Terahertz (THz) frequencies are ascribed to the part of the spectrum with frequencies of 0.1 to 10 THz with free space wavelengths of 0.3 to 3 mm. Research at THz frequencies has gained a lot of momentum over the last few decades due to certain interesting attributes of this spectral range mainly in the fields of spectroscopy and communication. Resonant structures, due to their ability to microscopically manipulate electromagnetic field distribution around matter and cause macroscopic effects in the far-field and/or subwavelength confinement of electromagnetic fields, have been studied extensively in the optics followed closely by the research at THz frequencies. At these frequencies, they can be used as devices for sub-wavelength spectroscopy as well as components in communication systems.
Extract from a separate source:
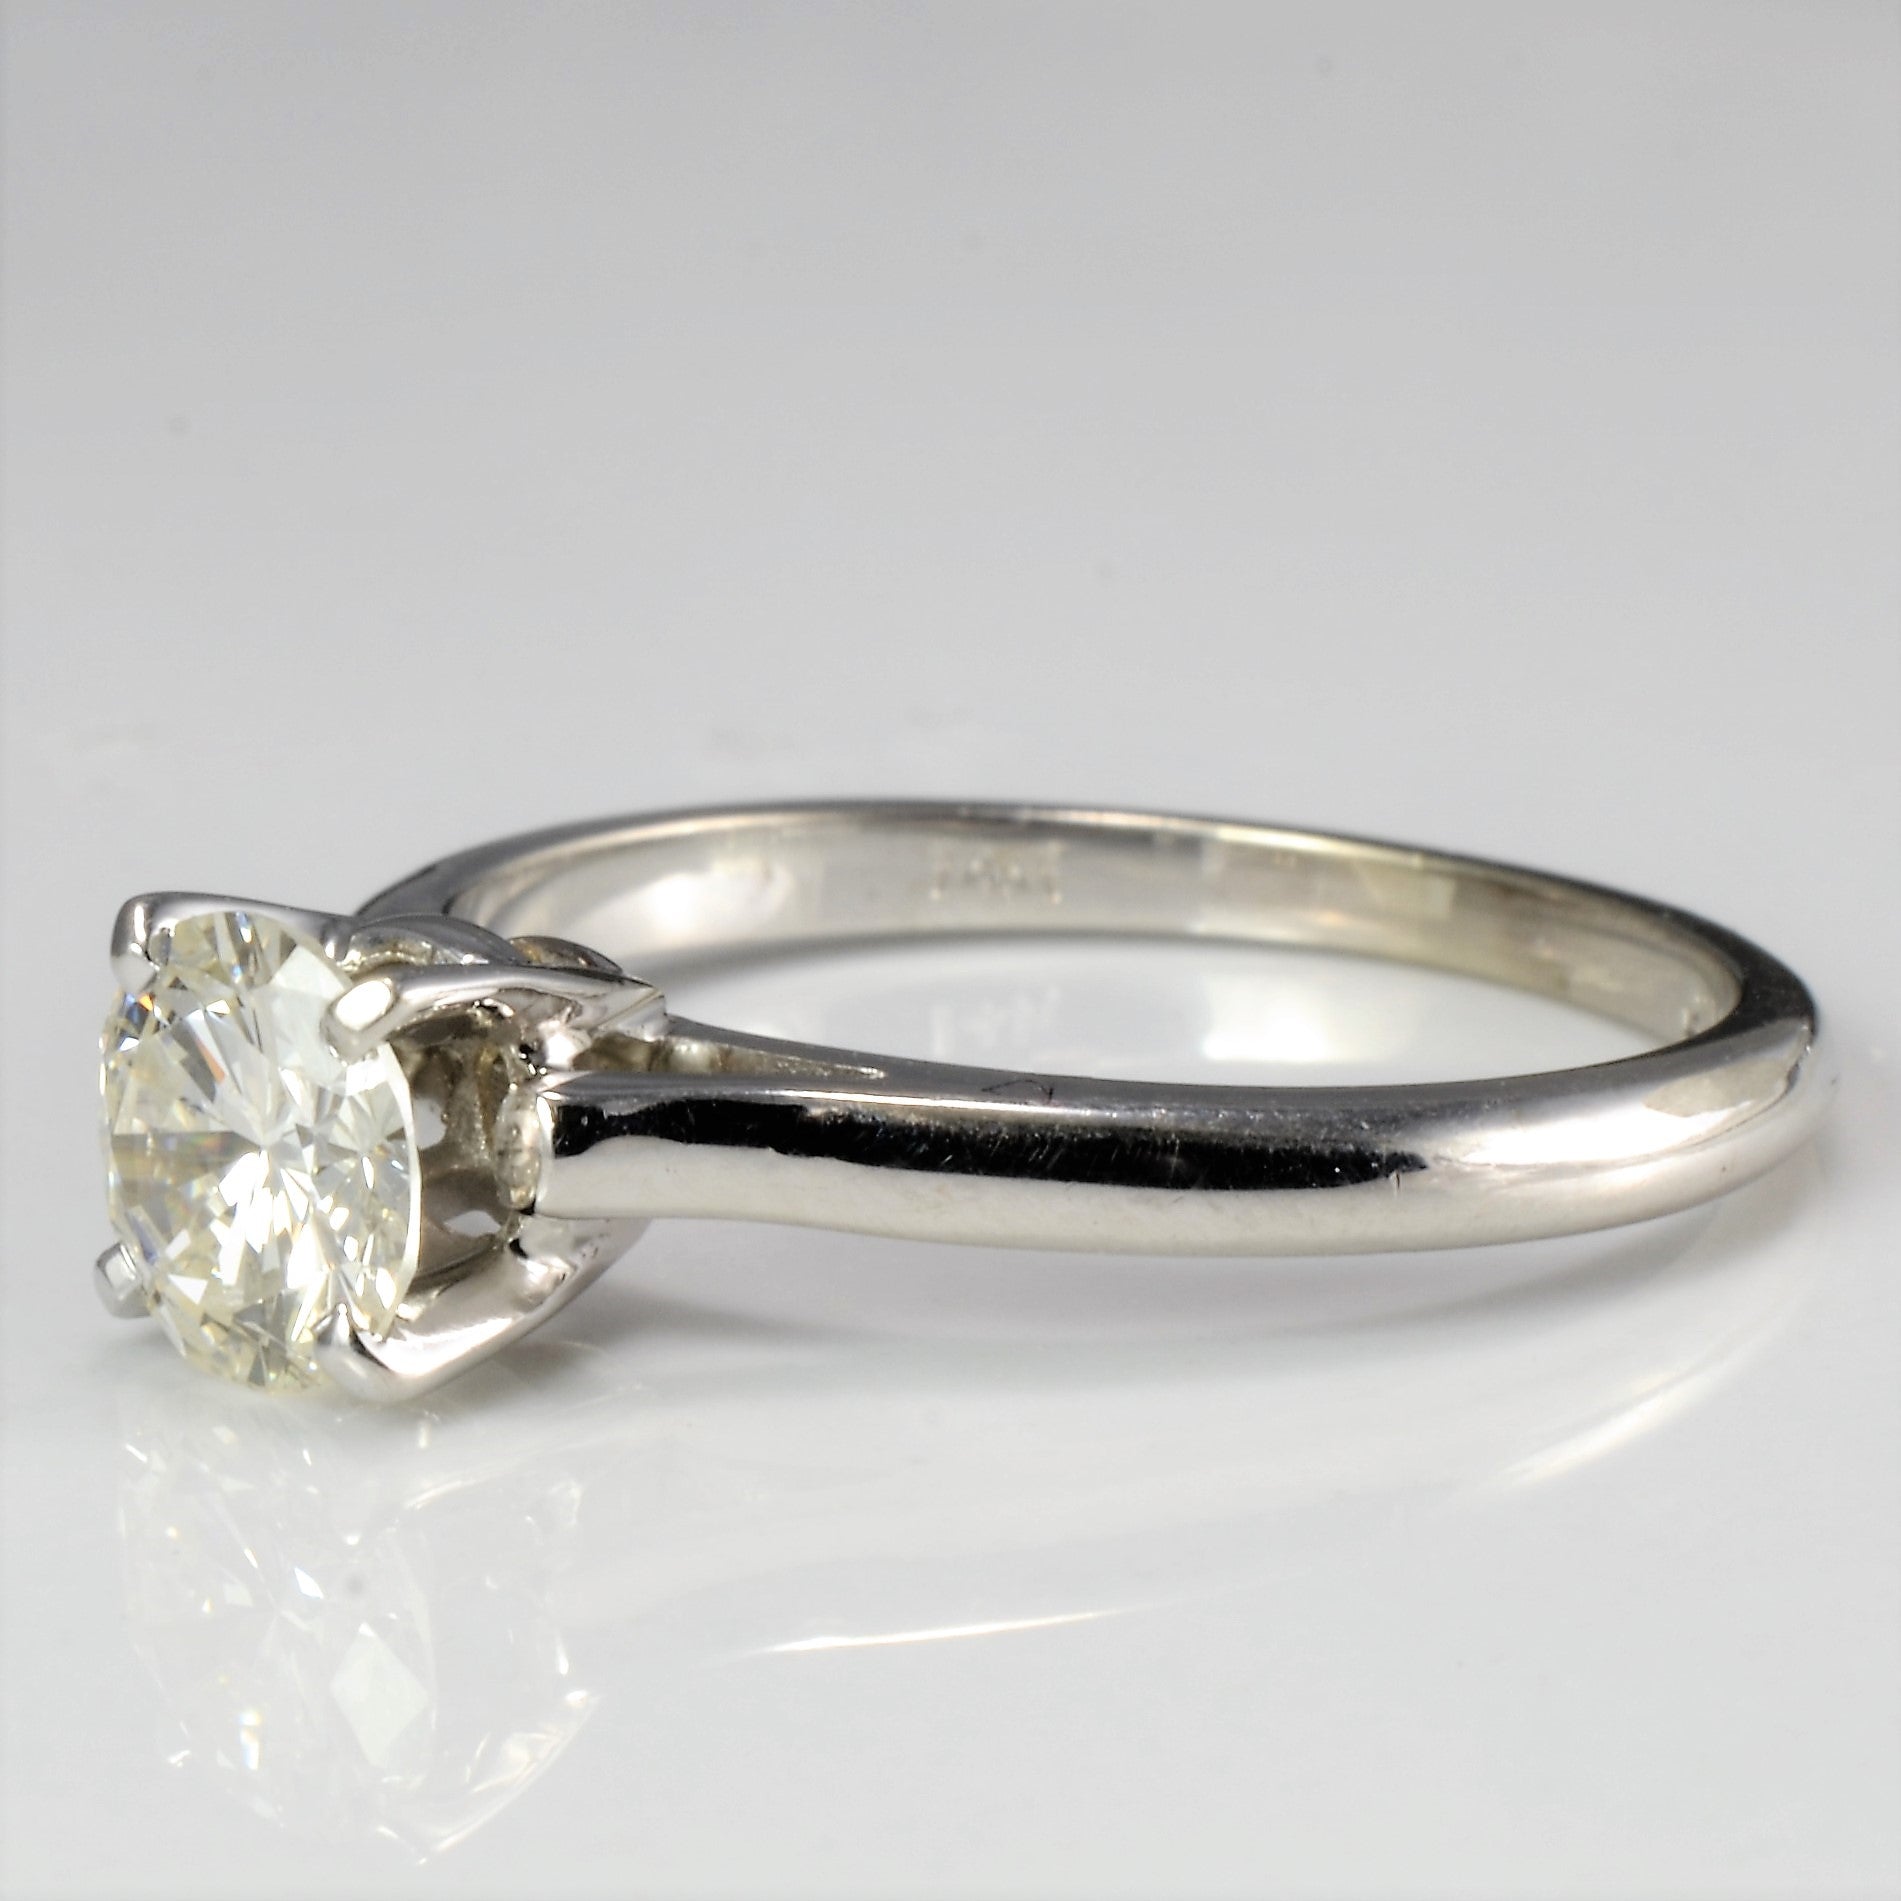 Solitaire Diamond Engagement Ring | 0.93 ct, SZ 7.75 |

However, the efficiency of these devices depend critically on the accurate characterization of the electromagnetic field distribution around it. In this talk, we will explore how the electric near-field distribution in the vicinity these resonant structures can be fully characterized beyond the diffraction limit using a near-field micro-spectroscopic technique. We will further investigate how conventional far-field spectroscopic technique becomes insufficient for accurate spectral characterization of these structures. We will also investigate how coupling between resonant structures (both radiative and non-radiative) can be harnessed to achieve photonic analogue of interesting physical effects, such as, electromagnetically induced transparencies, relevant for photonics devices.